The next day, multitudes of burly sullen Teamsters stalked the sidewalk in front of the strikebreaking Blue Shield warehouse. A dozen Blue Shield strikers welcomed them. Satan himself couldn’t have gotten a truck through that picket line that day. That warehouse was on Rincon Hill in San Francisco. In the opening rounds of the General Strike of 1934, police had killed union workers on those very sidewalks.
Next, we sought to stifle the strikebreakers going into Blue Shield every morning. Hotel and Restaurant Workers Local #2 offered help. Local #2 had organized thousands of hotel maids into the union. These maids shared racial, ethnic, language, and often family links with many of the Blue Shield strikebreakers.
One foggy morning as the strikebreakers approached Blue Shield, the first picket line was several Local #2 workers, who sought, in a cavalcade of different languages, to persuade the strikebreakers not to go in.
If they continued, a second, less conciliatory picket line awaited. Here’s how we wrote about it, at that time.
But Blue Shield eventually opened up non-union satellite operations in small faraway towns to do the work, and limped on. The union settled for a new contract with a 25% pay raise over the next three years, but failed to win relief from the hated VRT screens.
Many of the pro-union women, energized by fighting Blue Shield to a stalemate, turned to organizing bank workers in the Bay Area. By then, however, the newly-elected President Reagan’s appointees had destroyed the National Labor Relations Board’s effectiveness to oversee union representation elections.
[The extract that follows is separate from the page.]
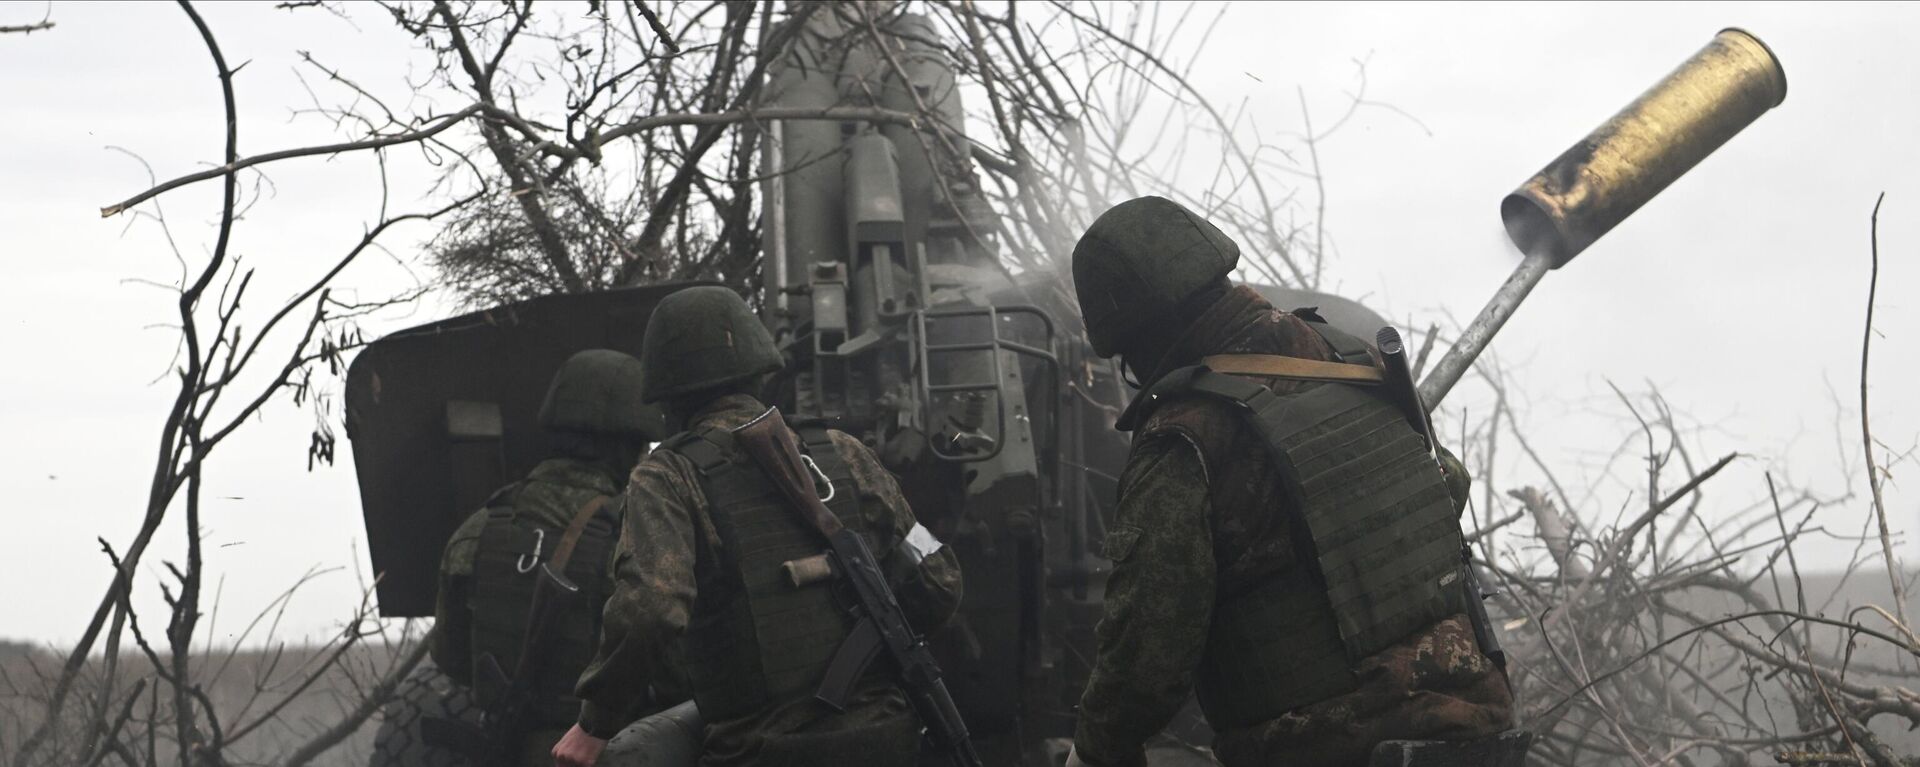 مدفعية القوات المسلحة الروسية تطلق النار على مواقع القوات المسلحة الأوكرانية من مدفع هاوتزر مستا-بي في المنطقة الجنوبية من منطقة العملية العسكرية الخاصة في أوكرانيا - سبوتنيك عربي, 1920, 01.04.2023

Although a majority of workers signed union membership cards at several large banking data centers, we were never able to hold an election. Here’s a scan of one leaflet we handed out.
AFTERWORD
Finding these tattered mementos of old newsletters in the attic reminded me of the battles we fought. Folks may not know that unions and their members battled the bosses for every inch of contested economic terrain, even while we lost many times. I wanted to tell this story, because even during Labor's 40-year retreat, not all of us sat in offices puffing cigars. We did everything we could, even in failure. It was hard beyond words and devotion to the cause wasn't enough.
Despite the founding of other groups dedicated to organizing clericals, including SEIU 925, scarcely 1% of bank workers are currently unionized.